Determining the boundaries for when a new service is required becomes a necessary task. There are a lot of opinions out there on when new services should be created. There are extremes on both side but generally speaking we have chosen to adopt a few guidelines for the size of our microservices.

1. Logically grouped endpoints — If a service handles a Get request of some path, say GET /foo. That same service is expected to handle all of the HTTP verbs like PUT /foo/{id} or POST /foo. In other words a service per endpoint it taking things too far. Similar to good OOP, we want to make sure our endpoints make sense coexisting, otherwise, they should be two services. If I have a service that handles customer orders, that same service should NOT handle customer account information because they are separate concerns.
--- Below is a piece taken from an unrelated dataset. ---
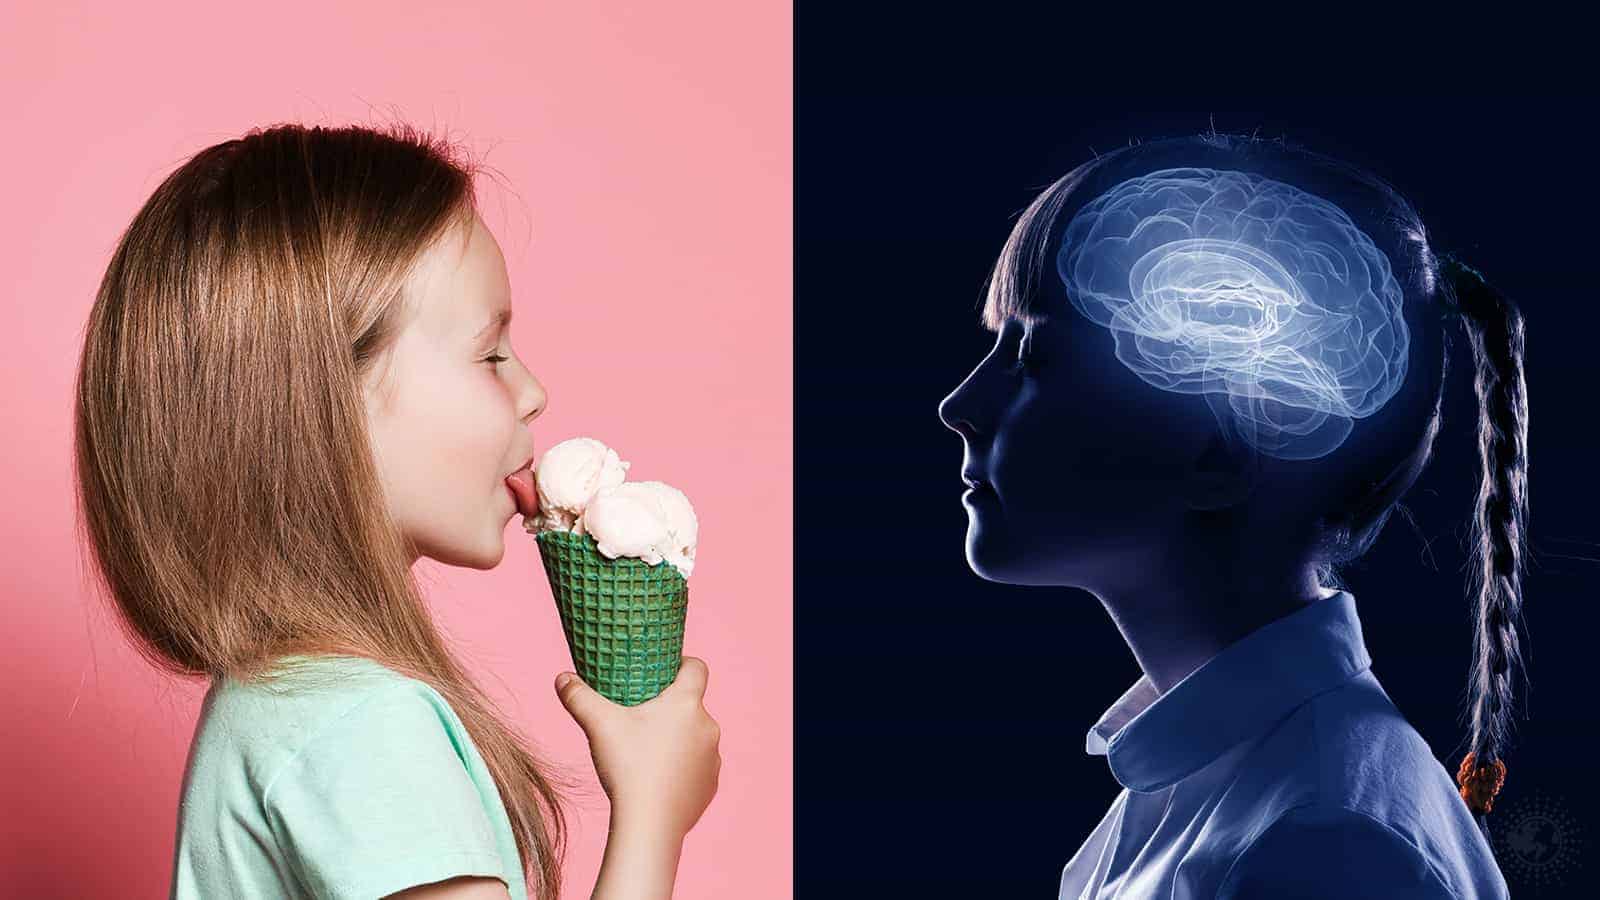 Researchers Reveal Sugar Impairs Brain Development

2. Single Datastore — Having a single service talk to many datastores can be a sign that the service needs to be broken up. By having a single service with a single datastore the domain model becomes clearer and the service can be optimized for data access. As a potential exception to this rule a service may require access to file storage and then some kind of data storage for meta data on the files stored (think s3 files using dynamo for meta data). Since the data in the table is simply meta info for the files that can be acceptable to the service.
3. Similar access pattern — This one might be less obvious, but if you have a service that contains apis that query a datastore and return a result with minimal transforms and that same service has apis that require intensive calculations or caching the service may need to be split.